Holography imaging can recover the three-dimensional information of imaging object [10–13]. The principle of holography is to interfere through two coherent light path, one path as object wave from sample and the other path as reference light from infinity plane wave. The intensity of the interference is recorded by the imaging sensor. The intensity and phase information constitute complete object wave which can be used to realize the reconstruction from defocusing images at different depth. Therefore, it inherently owns the advantage of large DoF. In recent years, learning based holography with large DoF for lensless imaging or phase contrast microscopy have developed [14–18]. However, these approaches were aiming at imaging of those samples with contrast of light scattering. They cannot acquire those biological samples labeled with fluorescent contrast agent. Moreover, these methods normally require transmission mode to maintain high signal-to-noise ratio, since the imaging sensor needs to be close to the imaging object.
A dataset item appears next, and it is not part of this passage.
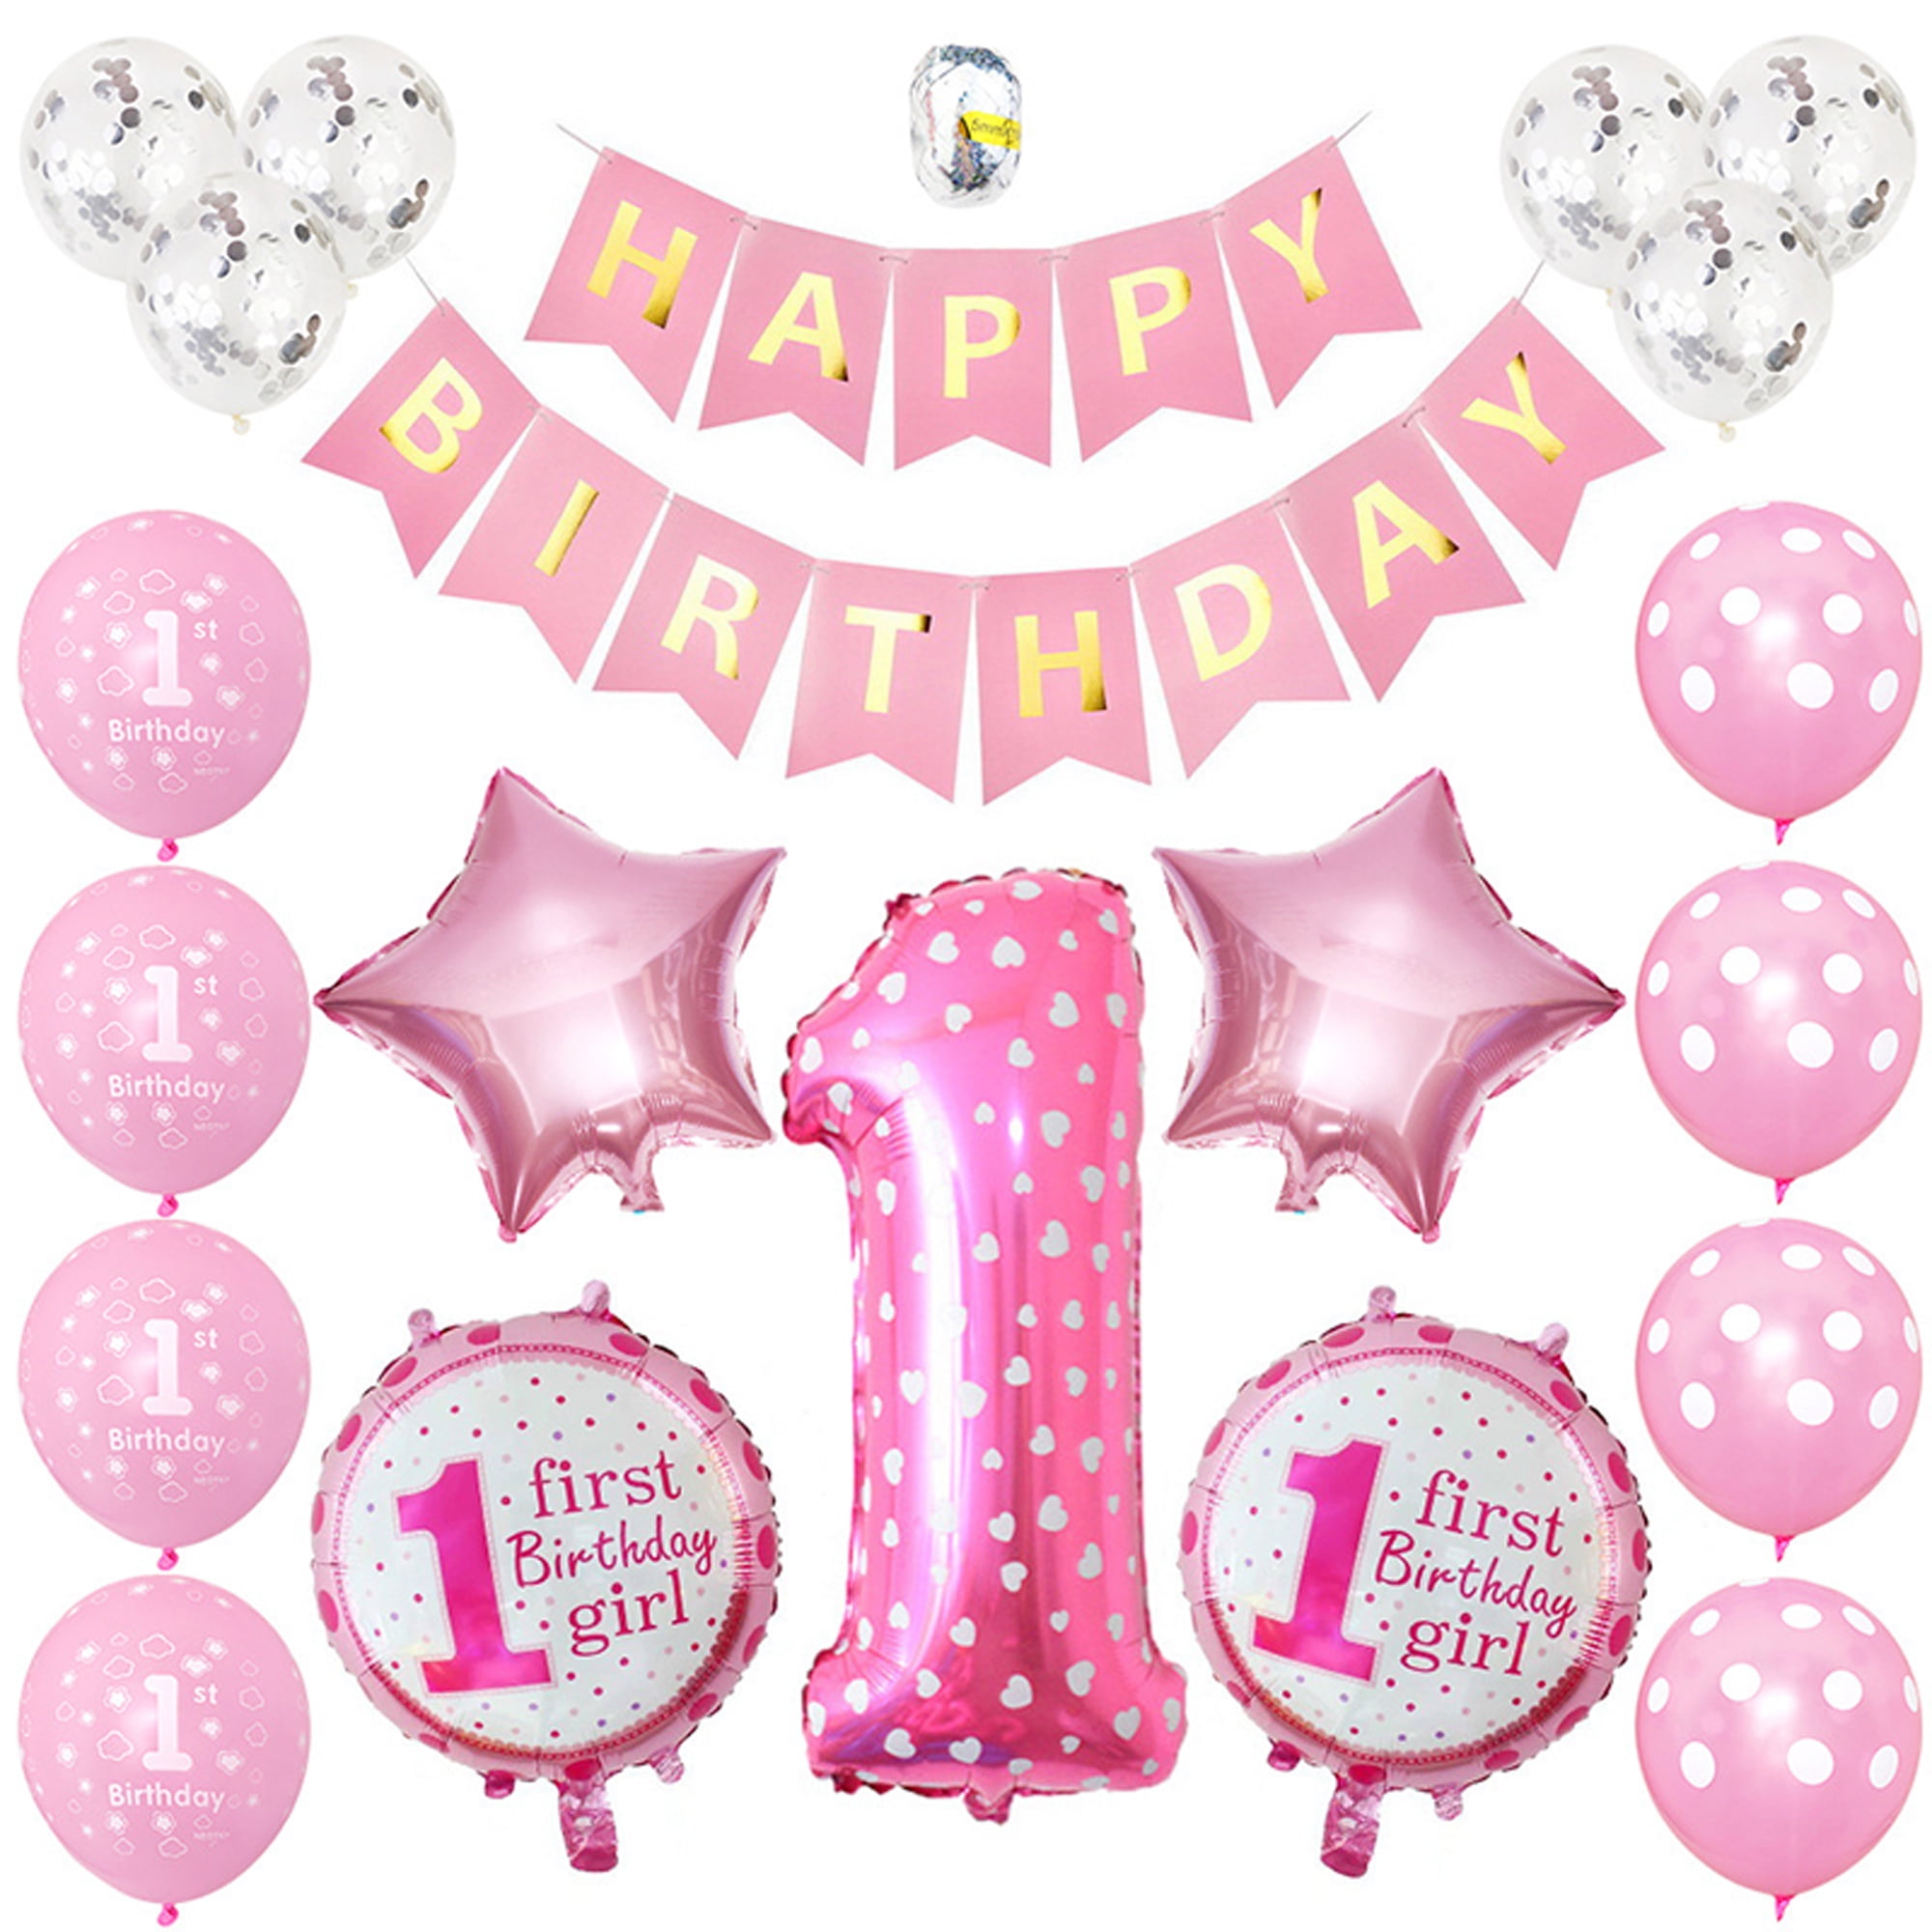 First Birthday Girl Photo Kit Pink

To realize the fluorescence holography imaging, many researches proposed different incoherent digital holography technology to achieve three-dimensional (3D) biological imaging with different applications. Ferraro team used Mach–Zehnder interferometer for digital holographic microscopy to track the particles in 3D space [19]. Nobukawa team further extend the DoF based on this system [20]. Quan team proposed off-axis incoherent digital holographic microscopy to achieve 3D stimulation and imaging with single-shot [21]. Rosen team proposed to use the spatial light modulator (SLM) to obtain a non-scanning fluorescence holography microscopy named Fresnel incoherent correlation holography (FINCH) [22–23]. Although these techniques are regarded as incoherent digital holography, they are based on different principles. In addition to the methods mentioned, there is a series of optimization incoherent digital holography systems such as COACH, I-COACH and non-linear correlation methods [24–26] have been developed recently. They adopted coded phase masks (CPM) and a library of point spread holograms (PSHs) of each axial plane. And the images are reconstructed by autocorrelation between image and PSHs. Although the I-COACH and non-linear correlation methods are simple and can realize single shot to reconstruct the image, it is not clear if these methods are suitable for fluorescence imaging of biological samples. Due to the biological fluorescence imaging is always noisy, cross correlation of the object hologram and PSH may magnify the noise level. Moreover, the PSH at each depth must be acquired in advanced for each objective, which made these methods more complicated for biologist.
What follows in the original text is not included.